Task statement ▸
Using the data below, reproduce exactly the lines from the line with "Converse & KA-One" to the line with "Screenshot from my", both included; pictures must be dropped.

Records supplied ▸

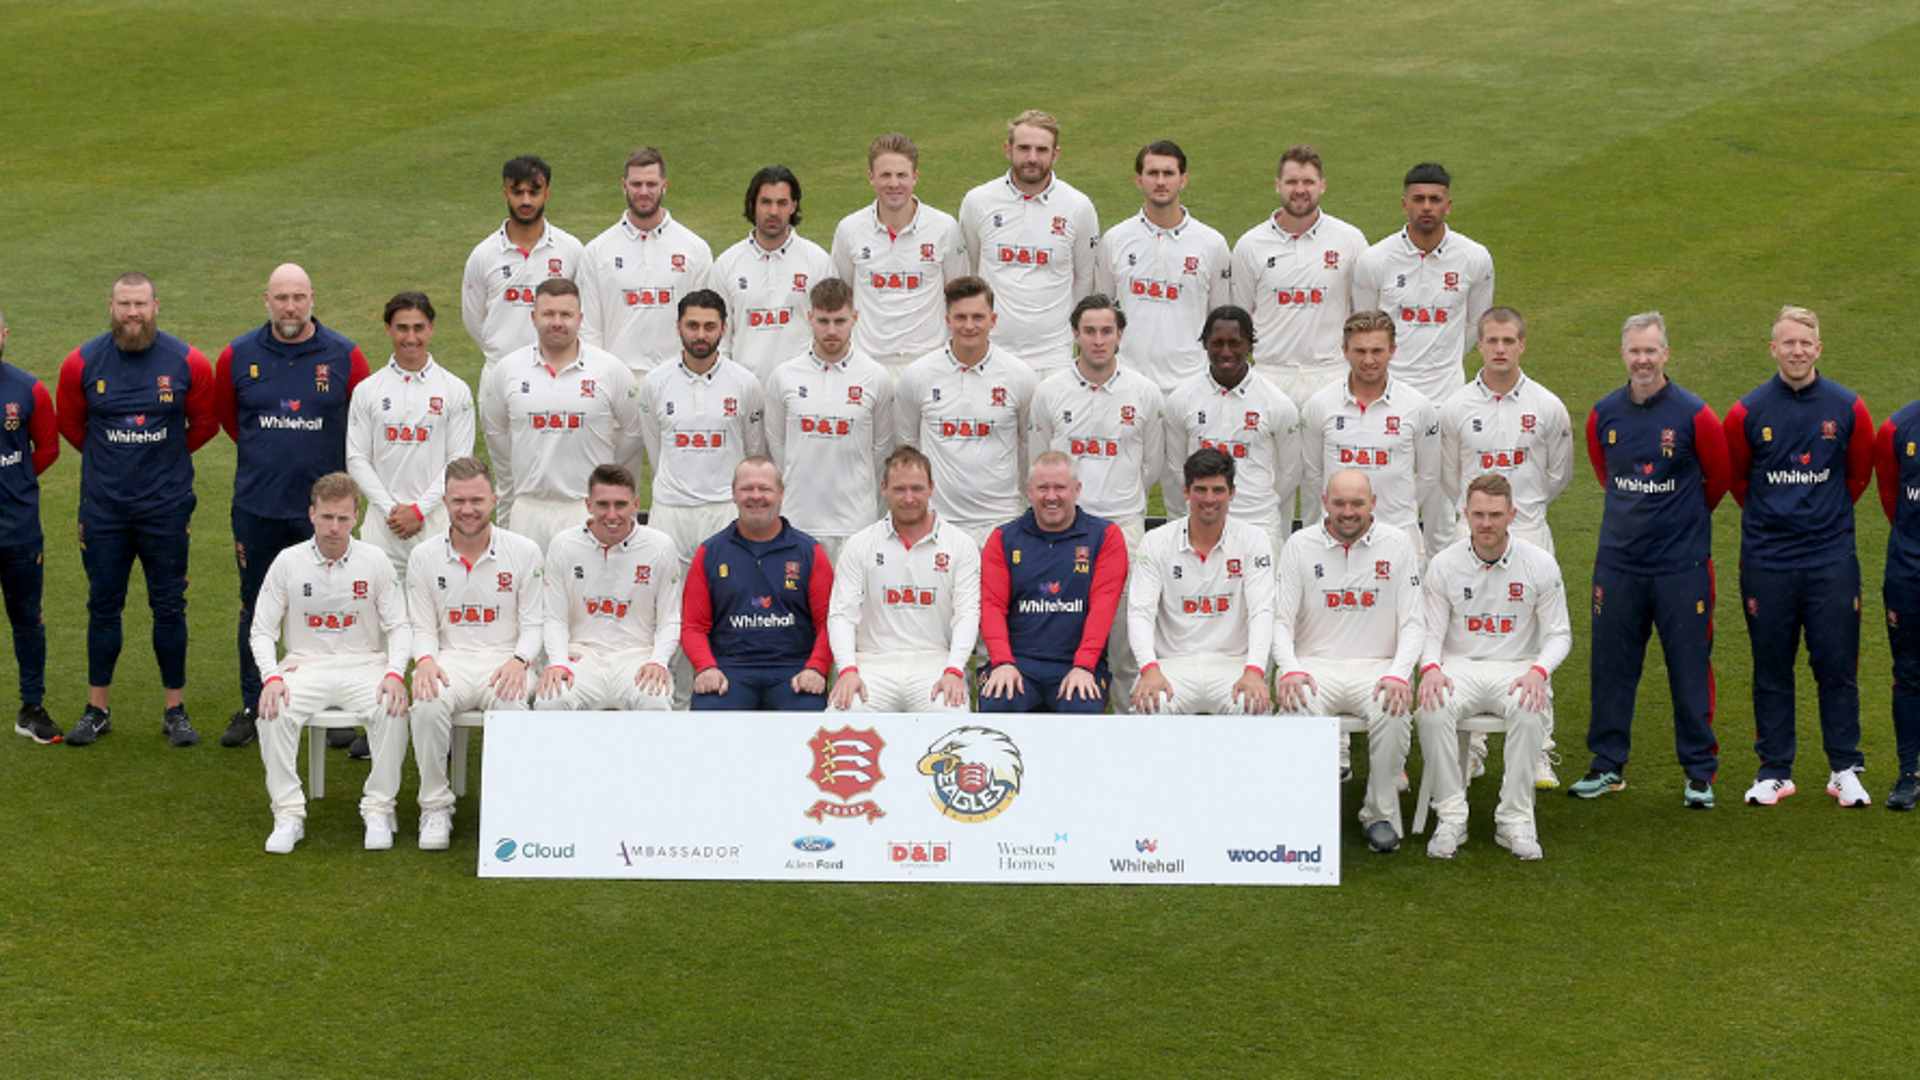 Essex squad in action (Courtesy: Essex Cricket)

---

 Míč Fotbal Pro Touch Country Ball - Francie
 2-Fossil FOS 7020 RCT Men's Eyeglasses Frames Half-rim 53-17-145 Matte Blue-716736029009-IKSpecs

--

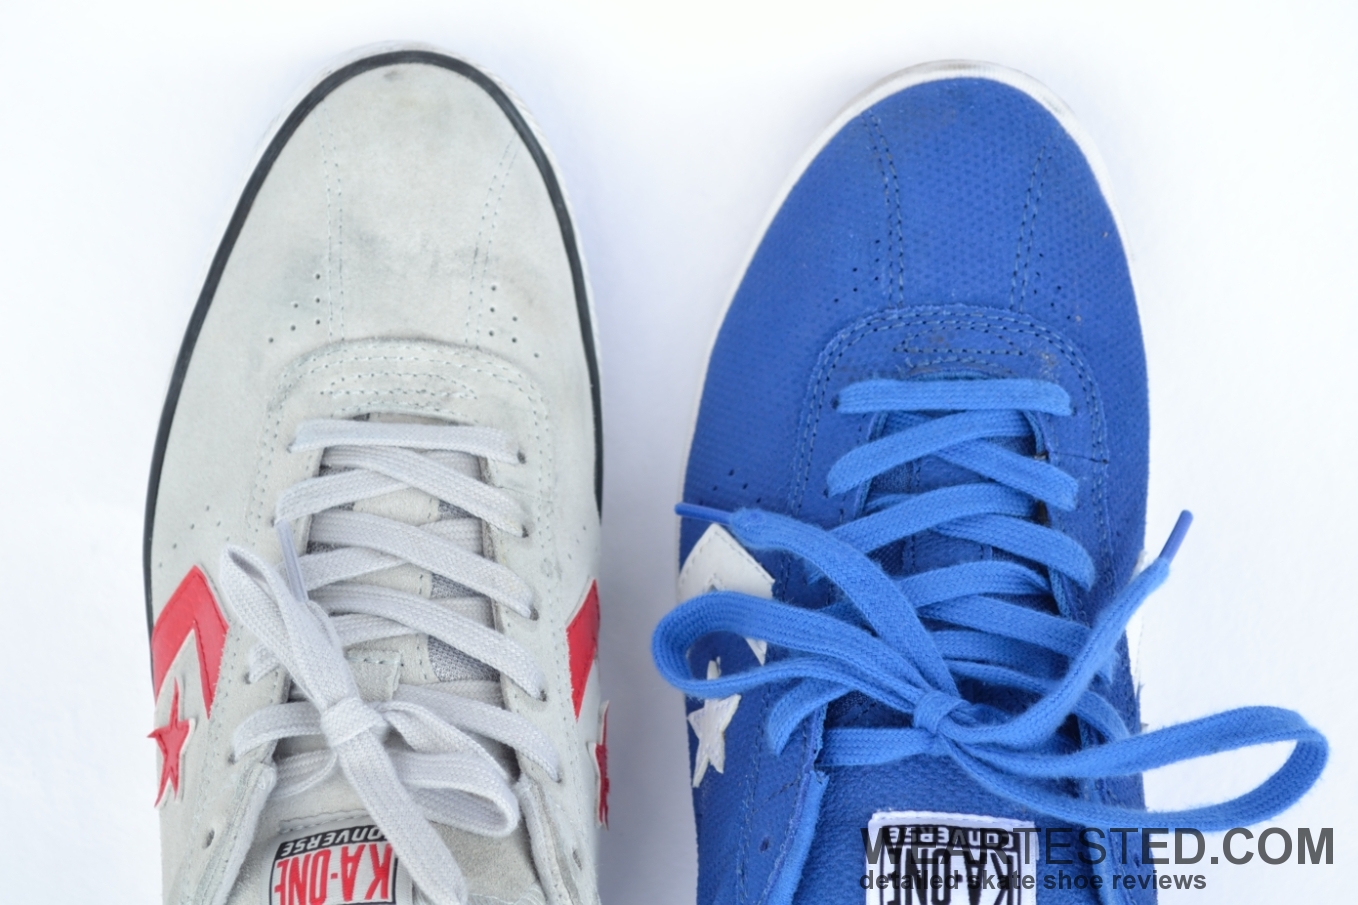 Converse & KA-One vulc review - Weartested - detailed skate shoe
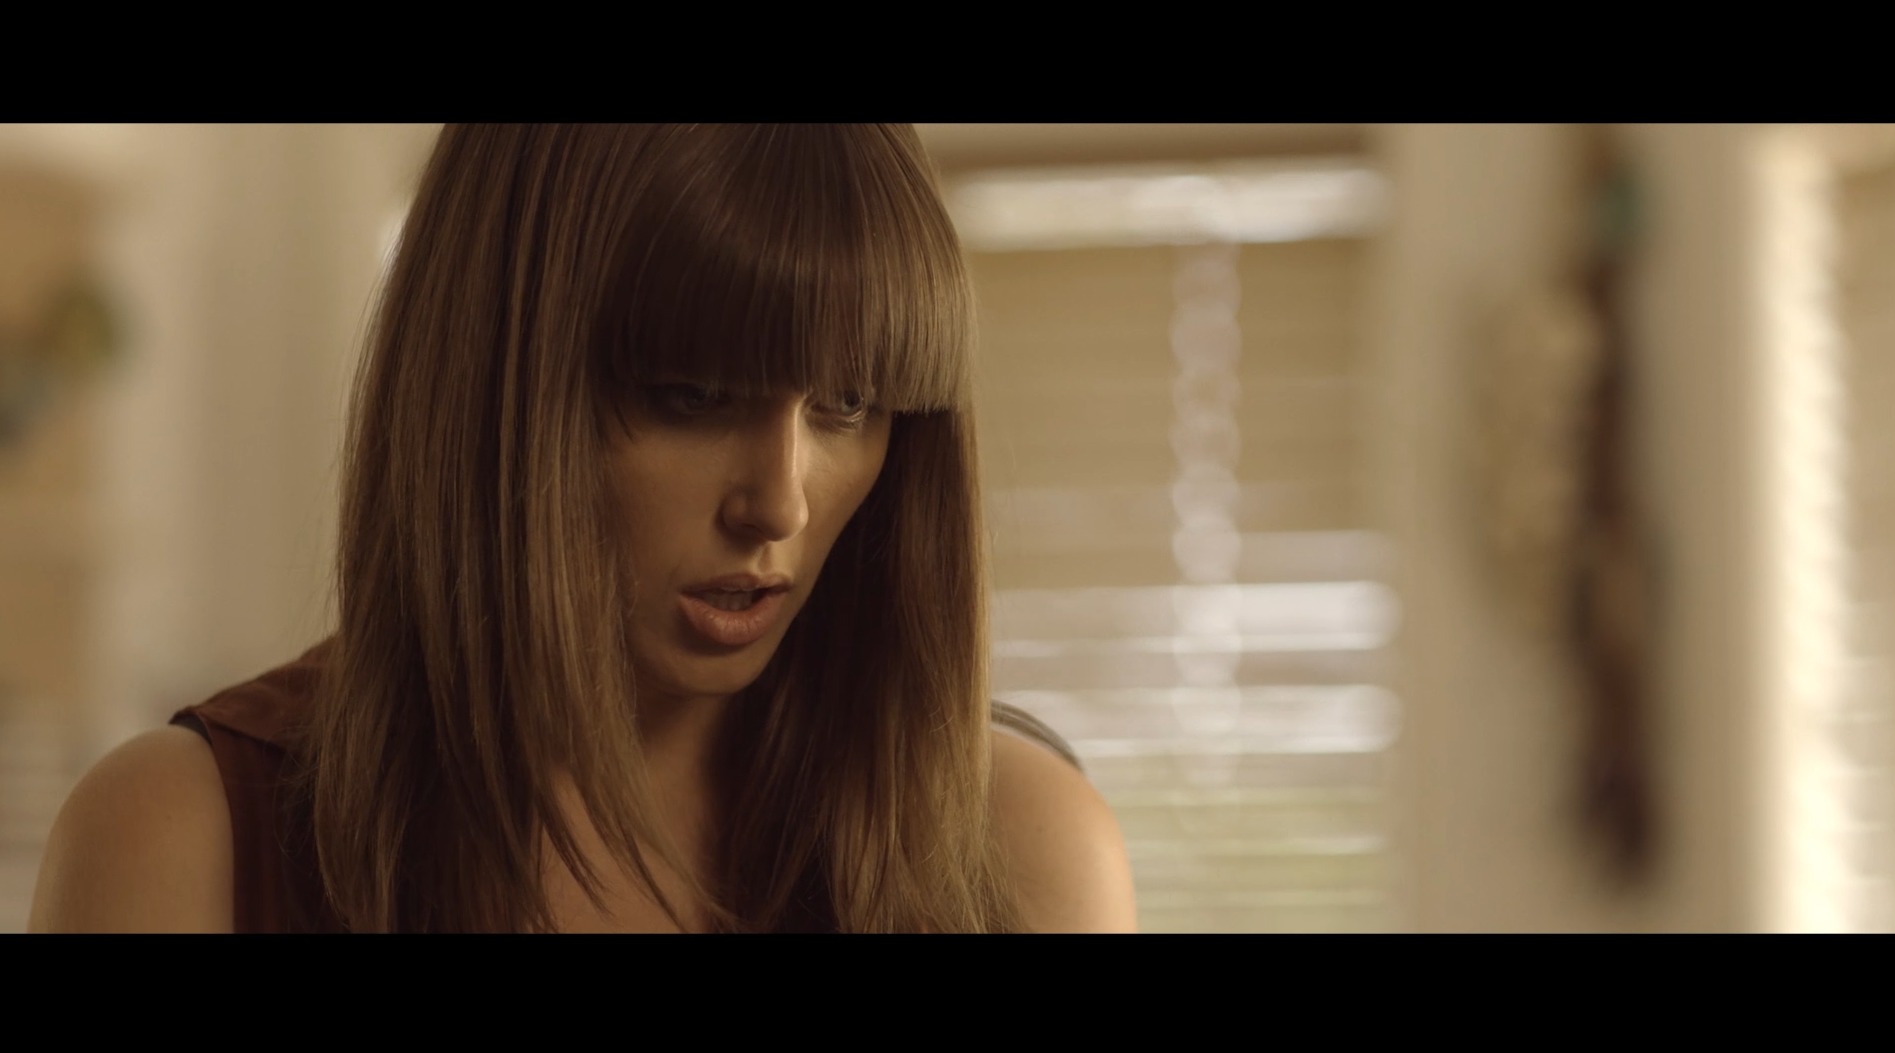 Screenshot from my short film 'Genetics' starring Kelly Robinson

Written solution ▸
 Converse & KA-One vulc review - Weartested - detailed skate shoe
 Screenshot from my short film 'Genetics' starring Kelly Robinson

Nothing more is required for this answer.